→ **WORK REQUEST**
Word for word, transcribe the material below from its first line to the line with "The Mystery at Yellowstone National Park", both included.

┄┄┄┄┄┄┄┄┄┄

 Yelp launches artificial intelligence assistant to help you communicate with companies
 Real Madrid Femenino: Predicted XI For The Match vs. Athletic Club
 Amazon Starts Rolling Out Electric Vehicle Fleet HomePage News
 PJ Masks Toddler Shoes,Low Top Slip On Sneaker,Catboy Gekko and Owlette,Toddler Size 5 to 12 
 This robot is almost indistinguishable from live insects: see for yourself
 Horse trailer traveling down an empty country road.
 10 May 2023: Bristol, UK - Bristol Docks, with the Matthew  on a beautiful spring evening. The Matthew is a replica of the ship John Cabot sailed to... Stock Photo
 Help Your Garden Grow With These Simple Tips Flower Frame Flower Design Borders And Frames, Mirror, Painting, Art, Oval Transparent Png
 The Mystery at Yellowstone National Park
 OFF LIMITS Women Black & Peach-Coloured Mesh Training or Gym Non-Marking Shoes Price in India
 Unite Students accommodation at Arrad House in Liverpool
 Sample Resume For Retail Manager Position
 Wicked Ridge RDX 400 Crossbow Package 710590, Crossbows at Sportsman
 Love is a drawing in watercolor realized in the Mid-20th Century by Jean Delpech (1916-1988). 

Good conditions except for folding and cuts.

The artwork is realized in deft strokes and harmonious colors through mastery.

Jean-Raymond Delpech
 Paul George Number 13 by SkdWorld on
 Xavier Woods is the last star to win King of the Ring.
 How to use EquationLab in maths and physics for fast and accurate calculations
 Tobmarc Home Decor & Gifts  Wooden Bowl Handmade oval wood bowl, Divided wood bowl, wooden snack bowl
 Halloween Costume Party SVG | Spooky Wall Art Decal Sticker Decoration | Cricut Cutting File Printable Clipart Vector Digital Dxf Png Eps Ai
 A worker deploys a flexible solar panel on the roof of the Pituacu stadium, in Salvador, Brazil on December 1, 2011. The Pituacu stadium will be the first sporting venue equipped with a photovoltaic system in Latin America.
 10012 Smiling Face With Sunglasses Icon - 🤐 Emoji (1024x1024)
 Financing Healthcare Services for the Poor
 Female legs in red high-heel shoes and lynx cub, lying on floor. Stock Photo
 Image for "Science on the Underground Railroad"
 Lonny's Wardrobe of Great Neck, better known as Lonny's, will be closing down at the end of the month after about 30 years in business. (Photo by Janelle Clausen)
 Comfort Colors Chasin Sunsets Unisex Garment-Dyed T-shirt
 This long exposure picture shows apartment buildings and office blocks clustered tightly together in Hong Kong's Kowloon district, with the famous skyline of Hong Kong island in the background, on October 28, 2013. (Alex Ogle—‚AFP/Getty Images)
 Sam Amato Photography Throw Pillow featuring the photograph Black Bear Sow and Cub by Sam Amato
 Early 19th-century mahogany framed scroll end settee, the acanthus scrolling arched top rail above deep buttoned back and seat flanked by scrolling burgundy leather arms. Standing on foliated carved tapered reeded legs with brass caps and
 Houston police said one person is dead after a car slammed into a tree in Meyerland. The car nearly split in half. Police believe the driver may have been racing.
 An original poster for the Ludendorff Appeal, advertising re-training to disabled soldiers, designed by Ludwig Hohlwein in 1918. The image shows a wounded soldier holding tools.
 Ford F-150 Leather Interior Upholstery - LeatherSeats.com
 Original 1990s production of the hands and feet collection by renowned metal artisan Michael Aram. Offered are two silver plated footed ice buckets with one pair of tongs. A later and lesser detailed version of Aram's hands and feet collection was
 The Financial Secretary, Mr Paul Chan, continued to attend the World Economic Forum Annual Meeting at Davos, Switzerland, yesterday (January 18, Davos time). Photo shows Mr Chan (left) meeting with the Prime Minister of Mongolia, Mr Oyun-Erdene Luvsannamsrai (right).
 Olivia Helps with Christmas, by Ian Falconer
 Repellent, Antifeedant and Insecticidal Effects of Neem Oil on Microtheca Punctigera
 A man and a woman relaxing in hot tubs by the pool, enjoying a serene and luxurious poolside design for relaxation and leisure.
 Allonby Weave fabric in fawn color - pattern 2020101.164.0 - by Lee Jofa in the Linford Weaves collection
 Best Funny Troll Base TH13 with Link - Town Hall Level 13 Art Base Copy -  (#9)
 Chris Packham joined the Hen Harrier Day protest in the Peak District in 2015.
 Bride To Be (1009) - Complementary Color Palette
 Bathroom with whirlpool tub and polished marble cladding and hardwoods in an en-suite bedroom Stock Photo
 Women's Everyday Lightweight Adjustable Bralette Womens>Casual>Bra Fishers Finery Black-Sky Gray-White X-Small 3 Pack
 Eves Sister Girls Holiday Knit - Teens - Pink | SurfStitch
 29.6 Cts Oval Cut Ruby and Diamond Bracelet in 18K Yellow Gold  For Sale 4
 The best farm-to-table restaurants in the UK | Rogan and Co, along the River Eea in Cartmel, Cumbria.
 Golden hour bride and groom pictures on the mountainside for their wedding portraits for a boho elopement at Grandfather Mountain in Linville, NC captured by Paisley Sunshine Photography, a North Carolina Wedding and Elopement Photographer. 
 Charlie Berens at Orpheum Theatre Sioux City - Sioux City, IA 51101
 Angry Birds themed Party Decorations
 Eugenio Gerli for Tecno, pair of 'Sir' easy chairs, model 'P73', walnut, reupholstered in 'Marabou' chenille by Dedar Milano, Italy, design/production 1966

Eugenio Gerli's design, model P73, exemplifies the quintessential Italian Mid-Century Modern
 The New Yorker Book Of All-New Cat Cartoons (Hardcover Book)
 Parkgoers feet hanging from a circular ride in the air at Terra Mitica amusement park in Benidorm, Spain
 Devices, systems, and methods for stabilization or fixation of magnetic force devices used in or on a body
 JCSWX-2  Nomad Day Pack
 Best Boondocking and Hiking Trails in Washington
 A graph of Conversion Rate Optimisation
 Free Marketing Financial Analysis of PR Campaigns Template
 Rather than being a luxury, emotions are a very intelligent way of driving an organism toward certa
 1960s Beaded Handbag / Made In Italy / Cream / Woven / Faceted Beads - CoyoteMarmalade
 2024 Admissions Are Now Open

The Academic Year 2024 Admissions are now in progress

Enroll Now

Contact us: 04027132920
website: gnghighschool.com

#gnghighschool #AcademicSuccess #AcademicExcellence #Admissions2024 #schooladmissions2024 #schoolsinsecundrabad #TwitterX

┄┄┄┄┄┄┄┄┄┄

→ **EXERCISE RESPONSE**
 Yelp launches artificial intelligence assistant to help you communicate with companies
 Real Madrid Femenino: Predicted XI For The Match vs. Athletic Club
 Amazon Starts Rolling Out Electric Vehicle Fleet HomePage News
 PJ Masks Toddler Shoes,Low Top Slip On Sneaker,Catboy Gekko and Owlette,Toddler Size 5 to 12 
 This robot is almost indistinguishable from live insects: see for yourself
 Horse trailer traveling down an empty country road.
 10 May 2023: Bristol, UK - Bristol Docks, with the Matthew  on a beautiful spring evening. The Matthew is a replica of the ship John Cabot sailed to... Stock Photo
 Help Your Garden Grow With These Simple Tips Flower Frame Flower Design Borders And Frames, Mirror, Painting, Art, Oval Transparent Png
 The Mystery at Yellowstone National Park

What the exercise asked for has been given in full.